Every response from the inference endpoint includes trust metadata headers that let you verify which provider handled the request and inspect their attestation status.
HeaderDescription
x-provider-attestedtrue if the provider passed the most recent attestation challenge
x-provider-trust-levelself_signed or hardware — see Trust levels
x-provider-chipApple Silicon chip model (e.g. M3 Ultra)
x-provider-serialProvider machine serial number
x-se-signatureSecure Enclave signature over the response hash
x-response-hashSHA-256 hash of the response body, signed by the Secure Enclave
You can use x-provider-serial to pin requests to a specific provider machine you have independently verified. Pass it as provider_serial in the request body and the coordinator will route only to that machine.
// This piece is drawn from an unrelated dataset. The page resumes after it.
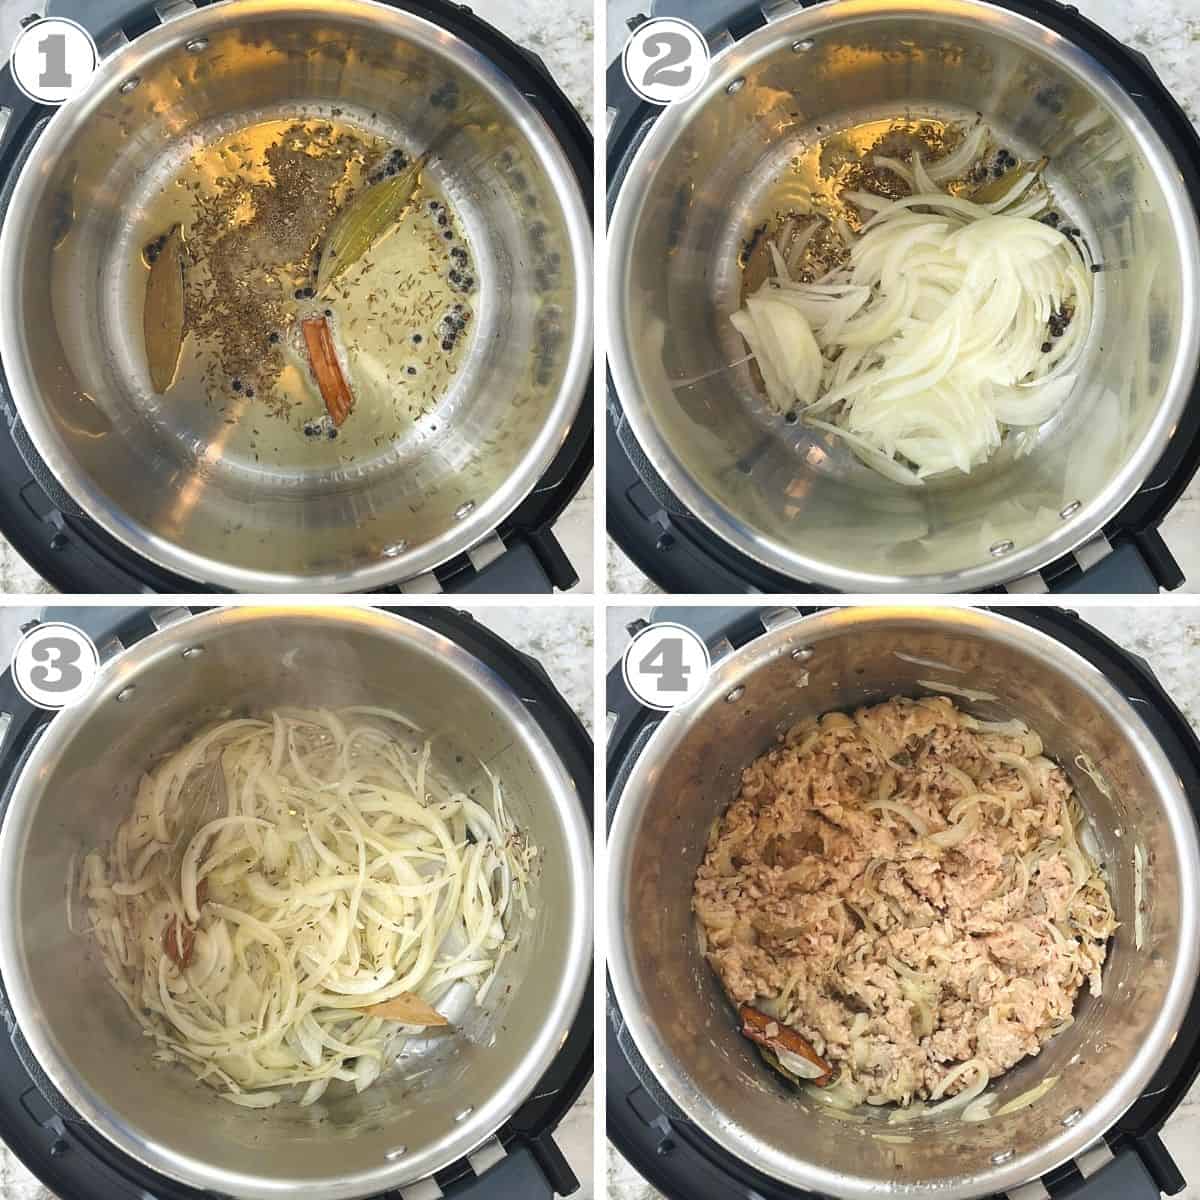 photos one through four showing sauteeing spices, onions and minced chicken

POST /v1/responses — OpenAI Responses API alias. The coordinator auto-detects the input vs messages field shape and routes to the same underlying handler. POST /v1/completions — Legacy text completions endpoint. Accepts a prompt string instead of a messages array. This is the older OpenAI /v1/completions format, not recommended for new integrations. POST /v1/messages — Anthropic Messages API compatible endpoint. Use this if you are working with the Anthropic Python or TypeScript SDK. See the note below.
To use the Anthropic SDK, set base_url="https://api.darkbloom.dev" (without /v1) and pass your Darkbloom API key as api_key. The Anthropic SDK appends /v1/messages automatically.

Thinking tags

Some models emit extended thinking wrapped in <think>...</think> tags. These tags are stripped from responses by default before the content reaches you. The final content field contains only the model’s visible output.